Massachusetts adopted the single-factor formula taxing sales only in 1995. Between then and 2004, Mazerov tracked manufacturing job growth and retention in the five states that used this tax formula.
According to Mazerov, although virtually every state in the U.S. lost manufacturing jobs during that time, three single-factor states -– Iowa, Texas and Nebraska -– did better than average in job retention. One state matched the national median, and one state, Massachusetts, did very badly. "Massachusetts suffered the fifth steepest decline in manufacturing jobs of all 50 states," Mazerov says, adding that his findings might be "weak evidence" for proponents of single-sales-factor taxation.
But if you look at a longer time period and a larger sample of states, the evidence points toward a different conclusion. Mazerov did another study in which he tracked manufacturing job growth and retention for the eight states that had single-sales-factor apportionment in place from December 2001 to December 2004. "In the more recent period, five of the eight single-sales-factor states have done worse than the average state in manufacturing job retention," he says.
Which states were the manufacturing-job winners between 1995 and 2004? According to Mazerov's findings, "The three states that had the best manufacturing-job growth over that period still use the equally weighted three-factor formula."
Over the '95 to '04 time period, Mazerov also looked at how single-factor states fared in attracting large plants. Three of the five states with single-factor tax formulas failed to attract a single large plant, which Mazerov defines as one costing $700 million or more.
And what about Intel? Does it really place plants where tax codes reward in-state payroll and property investments?
Mazerov looked at all Intel's major plant location decisions between 1990 and 2004. He found that even though two states, Iowa and Missouri, had single-factor formulas in place for the entire time, Intel had put eight-and-half times more investment in non-single-factor states.
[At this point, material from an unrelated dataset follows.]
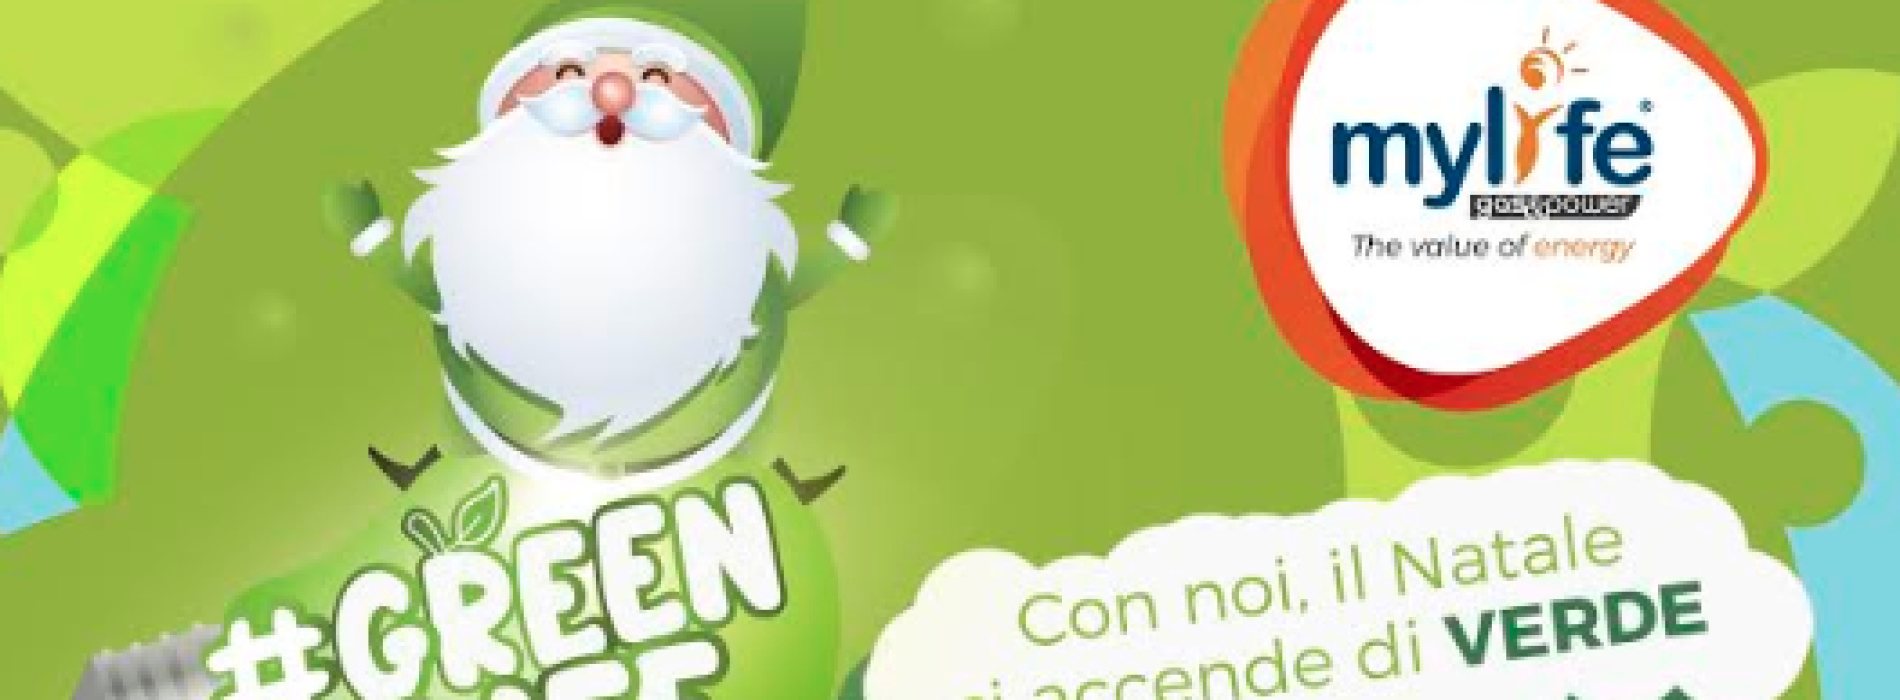 Ambiente. Greenlife e il Natale si accende di verde!

According to the Arizona Republic, the state's "Department of Revenue calculated that the change would cost state coffers $90 million to $100 million when fully implemented in 2010." On balance, however, that figure doesn't include business development gains that may be spurred on by the change in tax policy.
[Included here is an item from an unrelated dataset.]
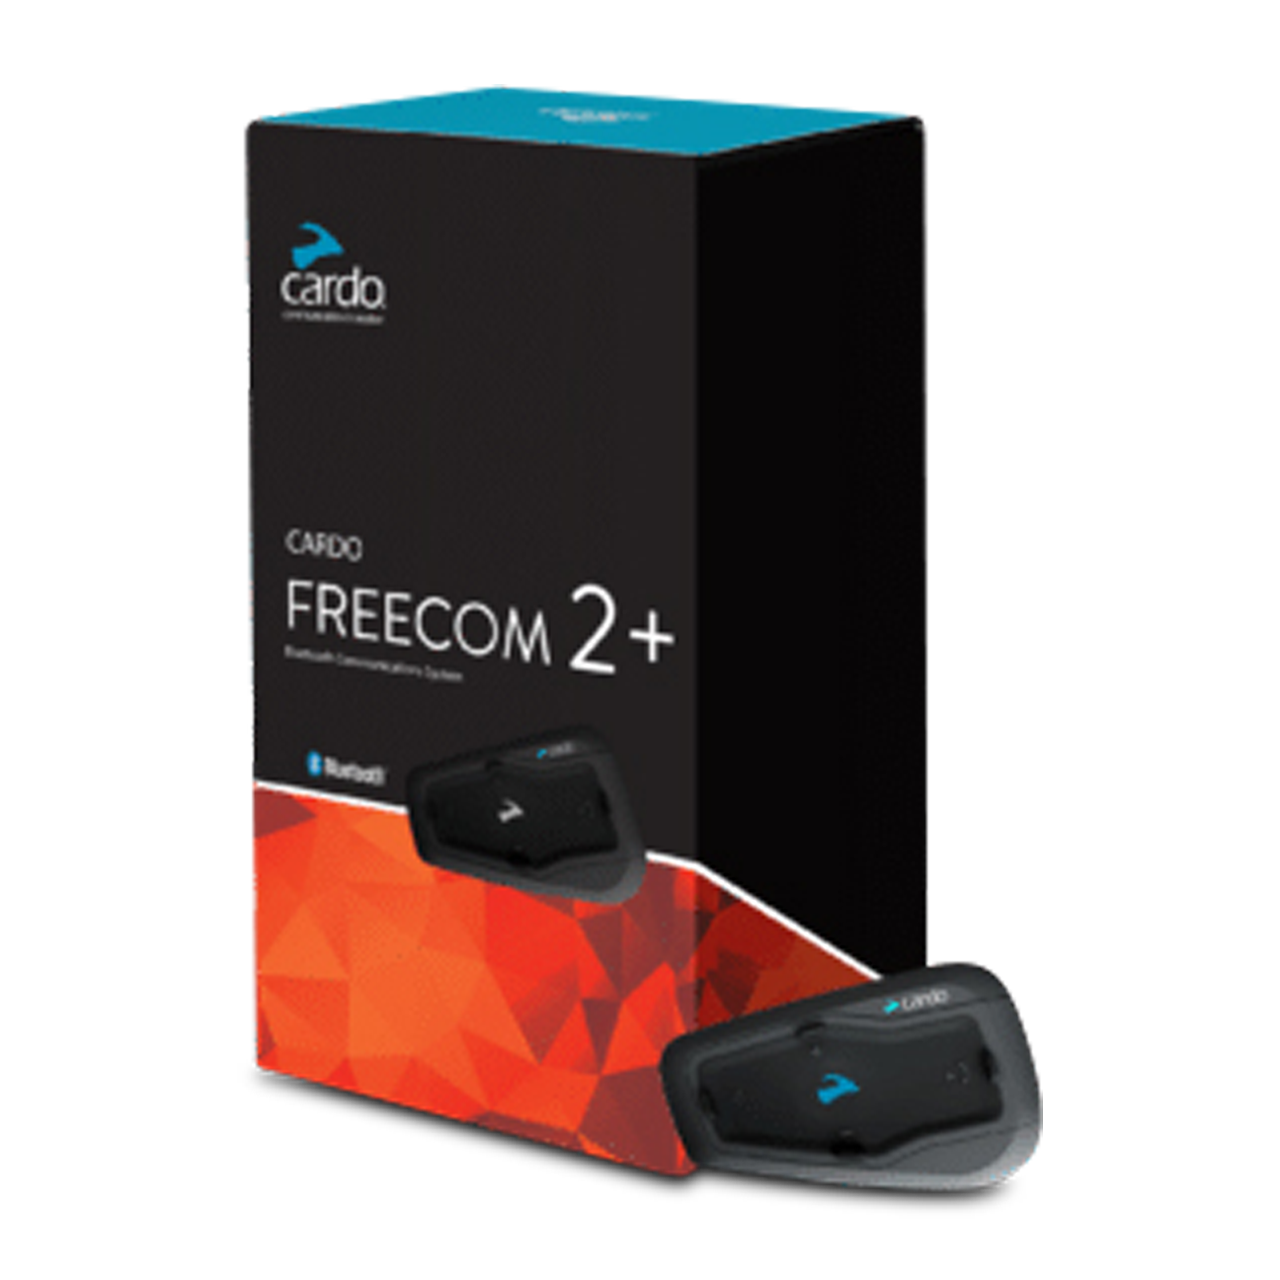 Cardo Freecom 2+ Intercom - Lowest Price Guarantee | 24MX

Even if the policy change does inspire new business investment, Edmiston points out that corporate income taxes were originally designed to be "benefit taxes." That is, the state levies taxes to pay for services that benefit the corporation, such as roads to the factory and education for factory workers. "You want to tax the business in proportion to the benefit it receives from government services," he says. "That's efficient from an economist's point of view."
By lowering tax liability for property and payroll, the state moves away from taxing companies relative to the benefits they receive, Edmiston says. "It's no longer a benefit tax system," he maintains.
So why do policymakers adopt these policies? Edmiston understands the state lawmakers' point of view. States do this to "level the playing field" with other states competing for corporate investments, he says.
Competition may be the name of the game in business, but Gupta points out that when governments compete with each other, it's not the same as business competition.
"When businesses compete with each other you get efficiencies that come out of the whole system," he says. When states compete for business with tax formulas, you can get less money coming in to pay for the government services corporations use.
"In this type of competition, everybody loses," Gupta says.